When my neurologist diagnosed me with Lambert Eaton Myasthenic syndrome (LEMS), she told me what I had was extremely rare. I was prepared right off for the fact that most doctors would never see a LEMS patient, ever. Most doctors might recall a paragraph about LEMS in medical school, so whenever I see a new provider, I am the one educating them about my extremely rare disease. It is estimated that there are only 400 LEMS patients at any given time in the United States.
What I was not prepared for what how lonely having a disease so rare could be. There are no local support groups. There are no LEMS 5k races to raise money for research. There is not even a LEMS awareness ribbon (and if there was, most wouldn’t have a clue what it was). Because of this, my networking and finding support in the LEMS community was online in a couple of Lambert Eaton Myasthenic Facebook pages. These are worldwide Facebook pages for people who have, or the loved ones of those who have, or for those who think they might have LEMS, and the two groups together total less than 1000 people.
That’s OK, though, because in the world of chance it only takes one, right? One friend on one of those Facebook pages, who also has LEMS, reached out to me last March about a Myasthenia Gravis conference to be held in Kansas City in April. “I’d really like it if you’d go,” she said.
It turned out scholarships were being given out and organized through Global Genes (a nonprofit organization whose goal is to connect rare disease patients for support and advocacy). Before I knew it, I was on a plane bound for Kansas City. The only thing I was expecting was for some warmer weather than Maine was having; but was I ever wrong. The weather in Kansas City was colder than Maine that weekend. However, the warmth of the people I met with LEMS and the organizations there who were supporting the gathering of patients so rare was unmatched. I learned so much about treatment protocols that my neuro and I tweaked my treatment plan, leading to move living and less recovering from treatments.

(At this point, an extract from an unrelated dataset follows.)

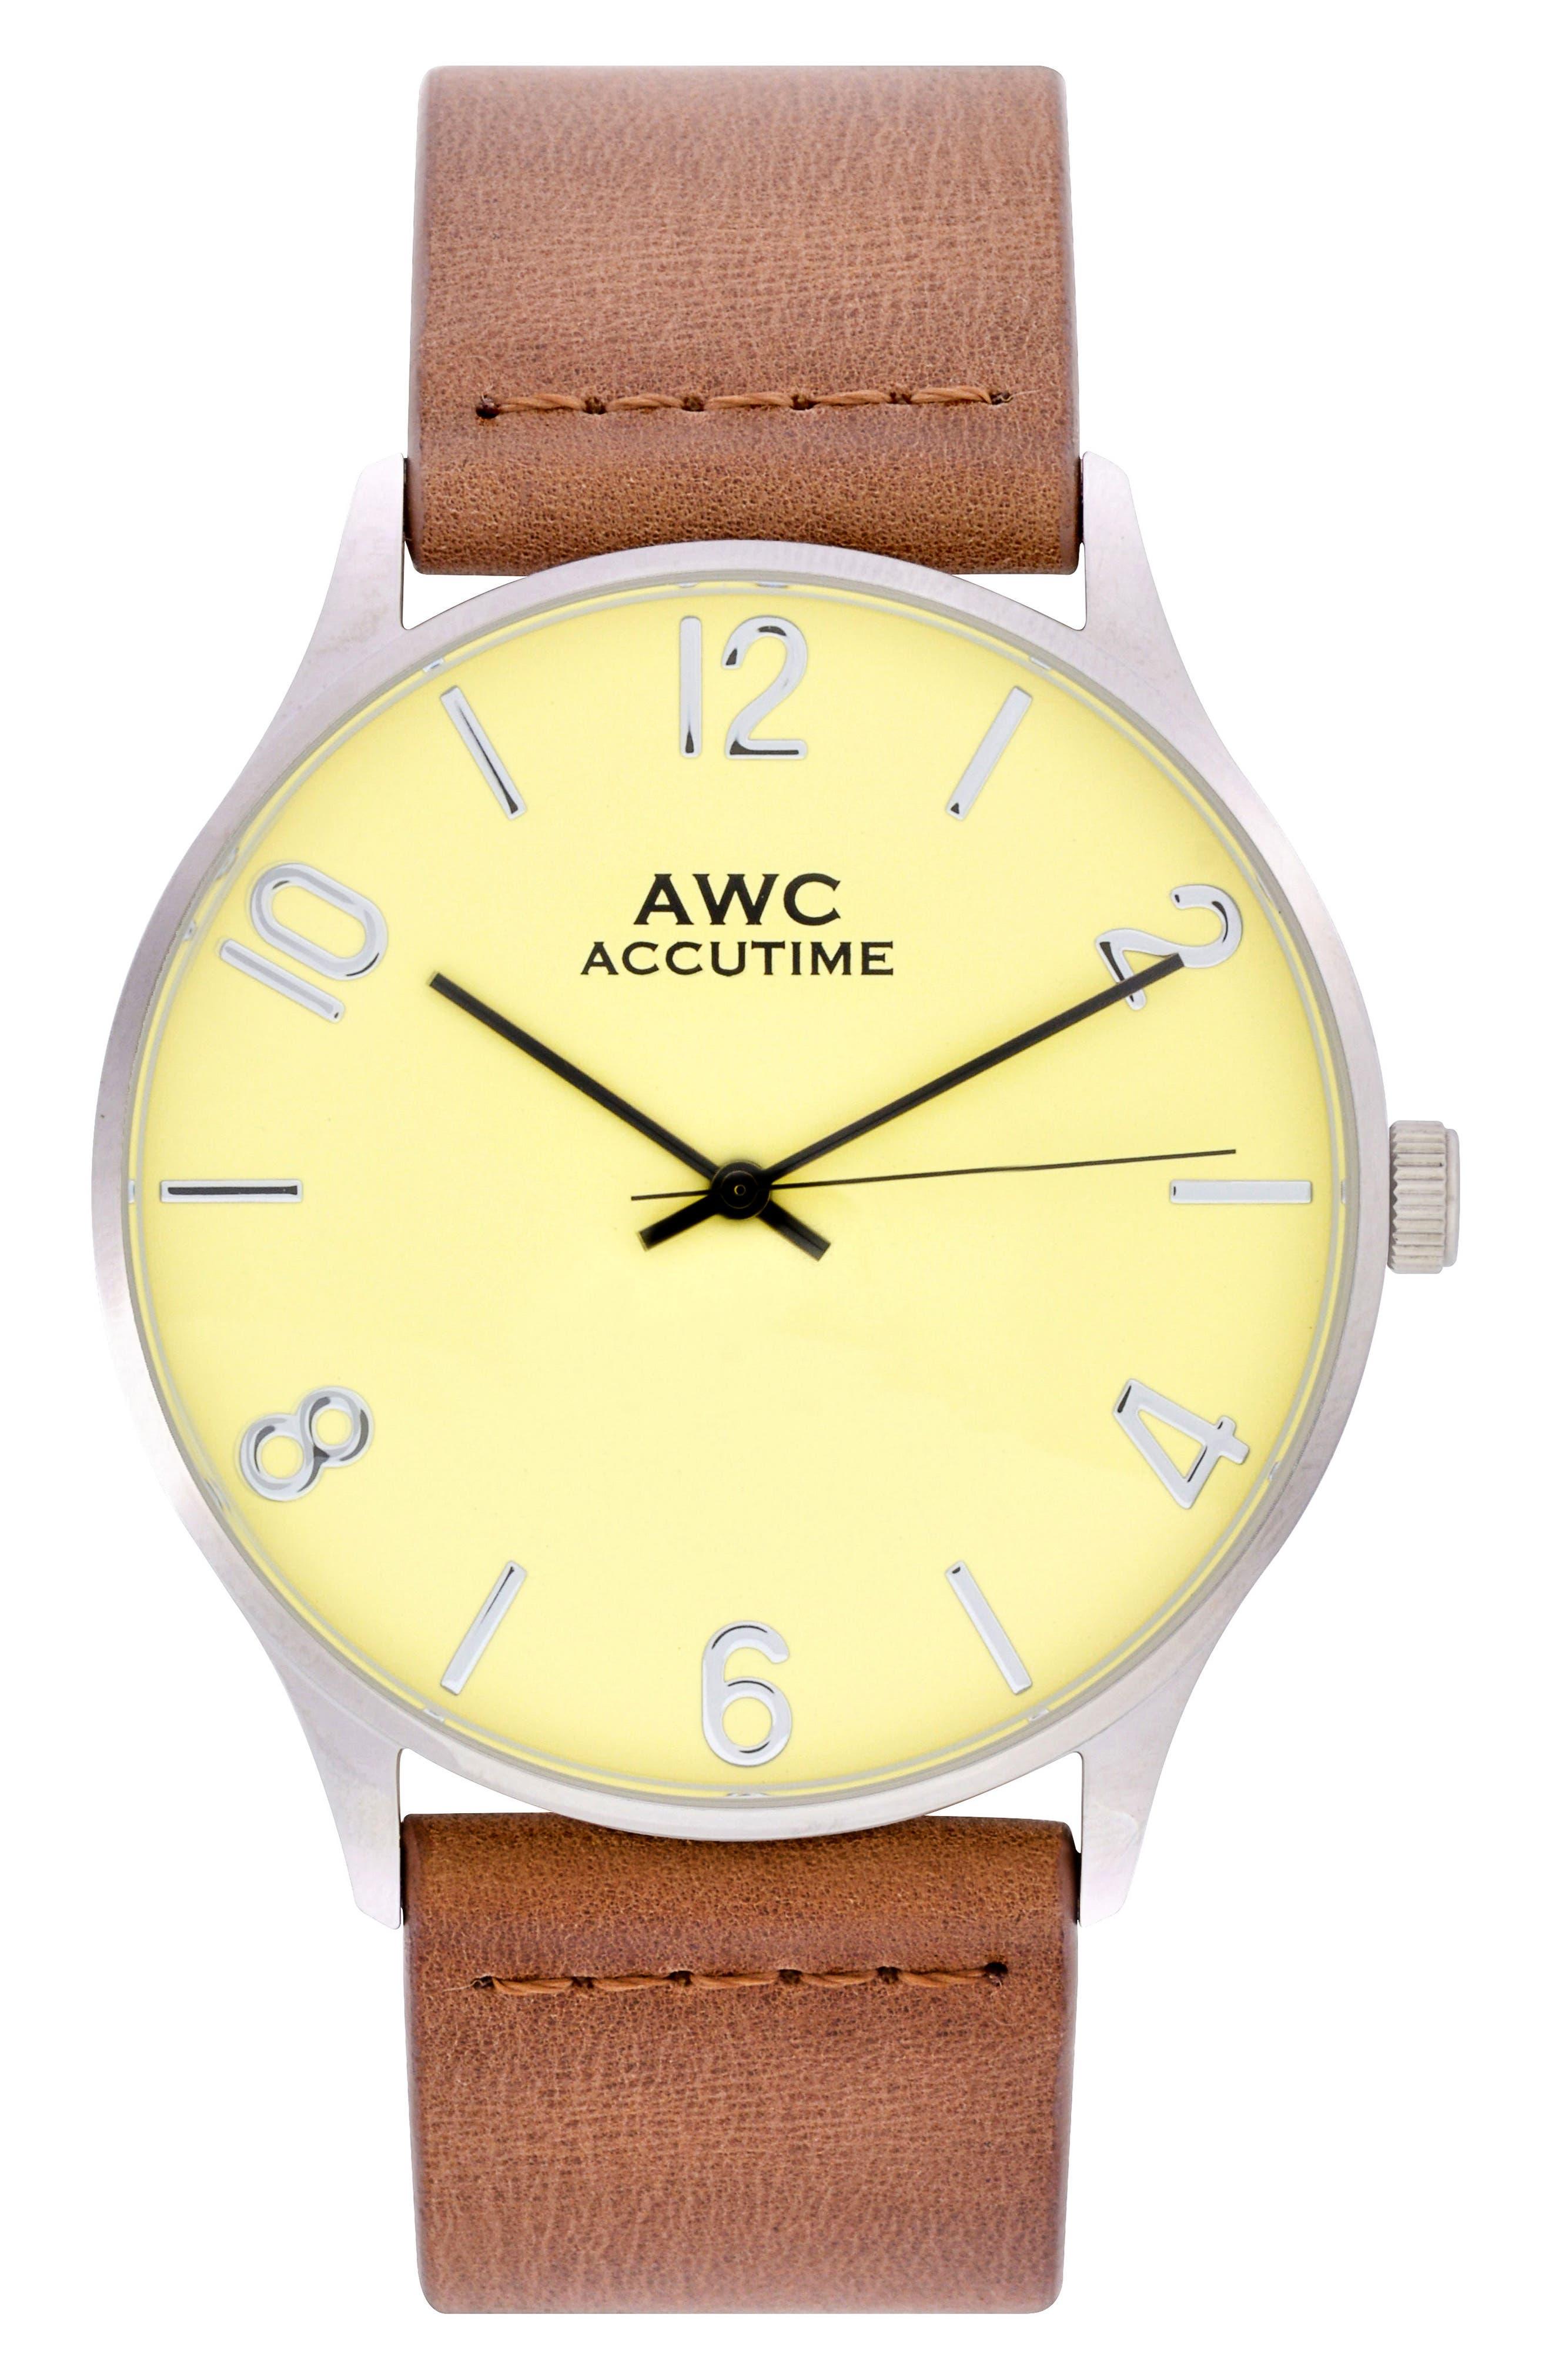 Accutime Numerial Suede Strap Watch, 42mm

Fast forward a few months, and that same friend who told me about Kansas City forwarded me an invite to sit on a LEMS advisory panel. The meeting was held over this past weekend. And yes, it was warmer than Maine — but not by much thanks to Maine having the hottest summer in decades!
When the LEMS gang got together in Dallas, along with a few new members who I’d yet to meet in person, there was a camaraderie that none of us experience in our journey with LEMS until we meet other patients. One new friend, Price, told me about how he “crashed” after doing too much earlier in the week. I knew exactly what he was talking about, which according to him, showed in my eyes. I didn’t need to say a word. He immediately said, “You are the first person I’ve talked to who knows exactly what I’m describing.” Yes Price, I know. We all understand!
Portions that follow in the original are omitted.